Active Risk Management: Doing IT Projects Wrong

IT projects are typically full of risks. There can be many human factors, many external factors, and many unknown factors, all of which can interact in unexpected ways. Because of that, it is critical that you actively identify, track and manage those risks. But to do that means that you have to be willing to stick your neck out, be vocal and point out risks that the business side may not want to address.

Some years back, I was consulting for a client that had several IT projects going on in parallel.

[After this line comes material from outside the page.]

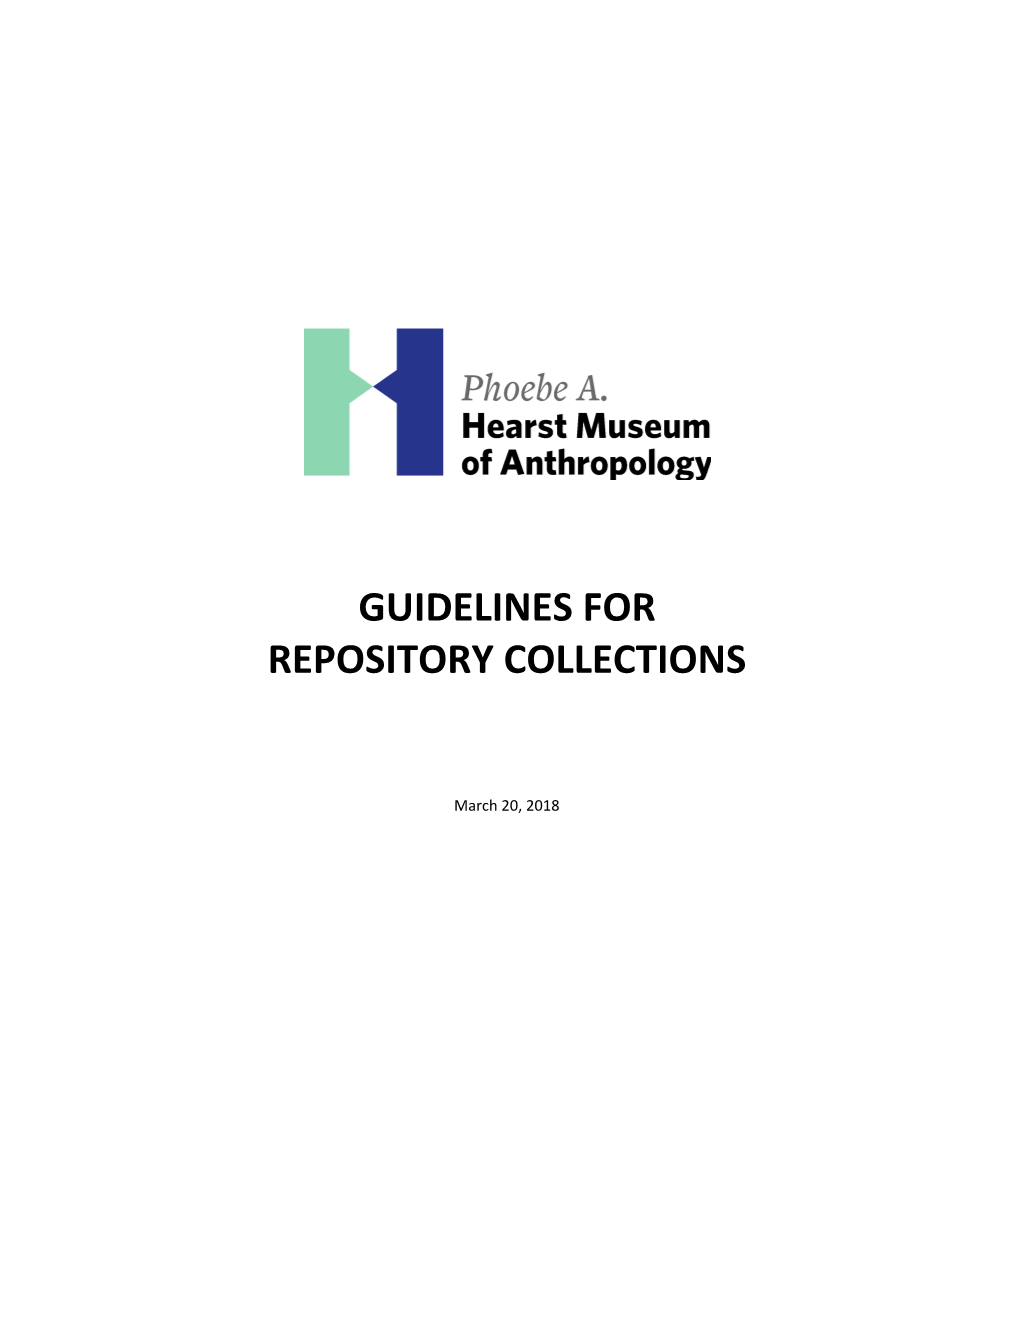 Guidelines for Repository Collections

My primary task on getting a particular project back on track, but I was also asked to oversee the architectural effort for another project that was just starting up. The client was developing this second project for an outside customer and was in negotiations with the customer regarding both schedule and cost. For simplicity sake, I’ll call this second project “KAID”. 

In early November of that year, I attended the first major KAID project meeting. The program manager for the project – that is, the client employee working directly with the customer – laid out the schedule which he was going to give to the customer: we’d start coding at the start of December, we would finish coding by the start of March, and we would finish testing and deliver the system to the customer by the start of April.

He asked one by one for a show of hands around the table for those who supported that schedule. To my amazement, hand after hand went up around the table from the IT project manager, the senior technical leads, the subject matter experts, and others.

When the PM got to me, I pointedly kept my hand down and said I wouldn’t sign up for the schedule – both because there was no foundation for it and because I saw a number of major risks with the project. The project manager looked a bit startled at my rather firm refusal to “go along,” but then finished his way around the table.